The Raw Shark Texts by Steven Hall

Synopsis:
A young man with severe amnesia comes to realize that he is being stalked by a conceptual shark (which is much, much scarier than you might think).

Review:
What surprised me most about The Raw Shark Texts was how fast it moved. For all its high-minded metaphysical aims and experimental underpinnings, the book has the pacing of an airport thriller or Stephen King horror book. There were some sequences in this book, such as protagonist Second Eric’s Sanderson encounter with Nobody, that were are frightening as anything I’ve ever read.

Eric Sanderson is the classic fictional amnesiac, waking up one day with absolutely no memories at all. He begins receiving letters from himself, whom he dubs the First Eric, warning him to take certain precautions to protect himself against the conceptual shark who devoured all his memories to begin with.
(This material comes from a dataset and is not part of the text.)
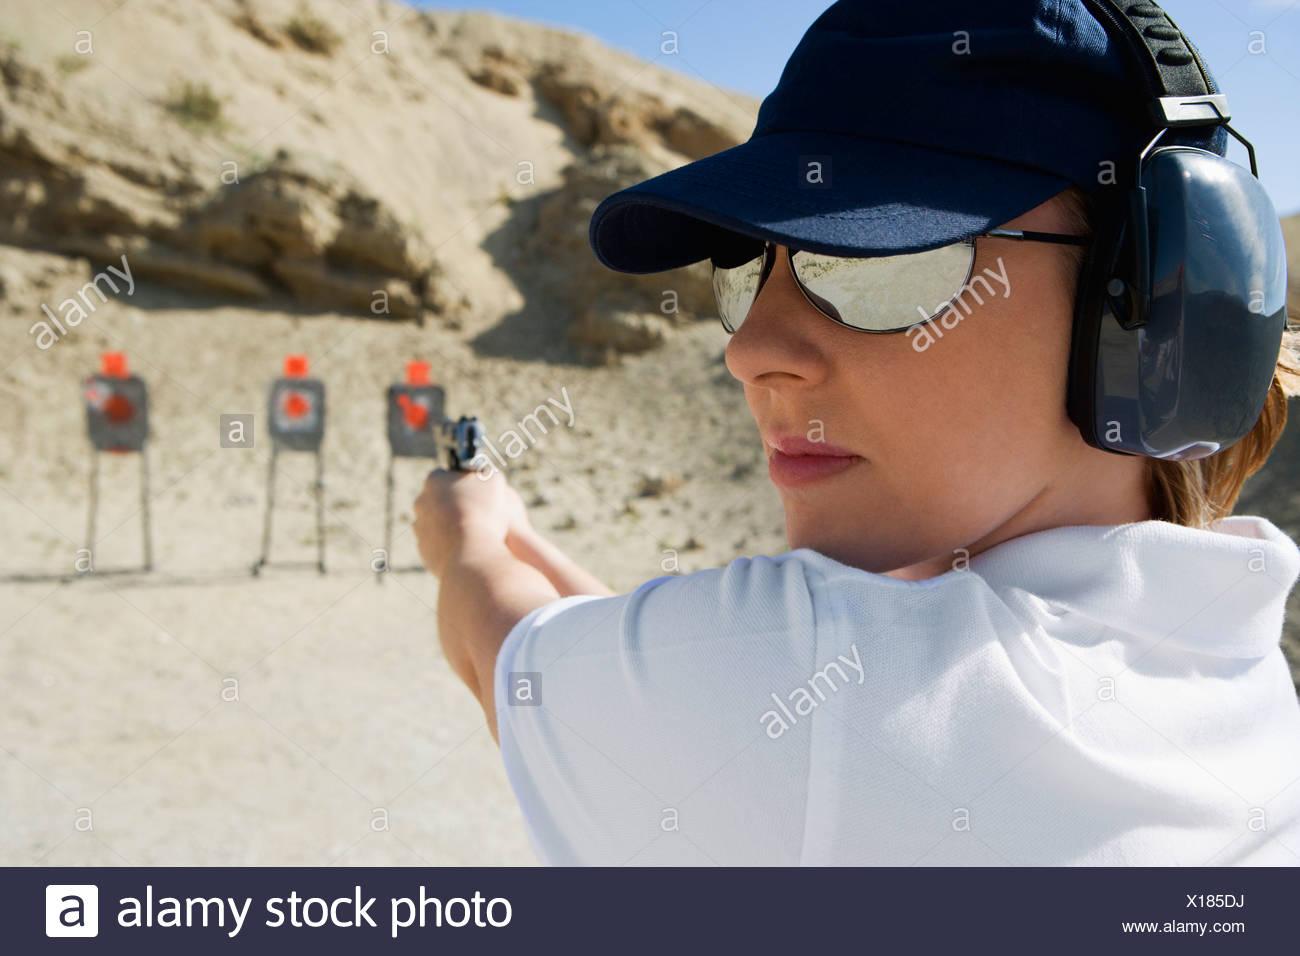 Woan aiming hand gun at firing range - Stock Image

That’s right–a conceptual shark, a ruthless predator that feeds on memories and ideas. It is absolutely extraordinary how author Steven Hall turns this intellectual conceit into a genuinely menacing threat and a successfl plot engine. The Raw Shark Texts is like the bastard child of Generation X and Foucault’s Pendulum.

Similar Books:
Charles Stross’s Accelerando deals with memes and the uploaded self

David Mitchell’s Cloud Atlas is another surprising accessible experimental novel.

But more than anything, I was reminded of that great Michel Gondry/Charlie Kaufman collaboration: Eternal Sunshine of the Spotless Mind. In the same way that film exploited the language of cinema, The Raw Shark Texts exploits language itself, and both do so in the service of achingly poignant stories about love and grief. Both of these works are a divine marriage of technique and soul.

4 thoughts on “The Raw Shark Texts by Steven Hall”

  1. A…. conceptual shark? Now that is hard to imagine. I think I’ll add this to my wishlist as well as Accelerando. I already have Cloud Atlas on TBR Mountain, I think.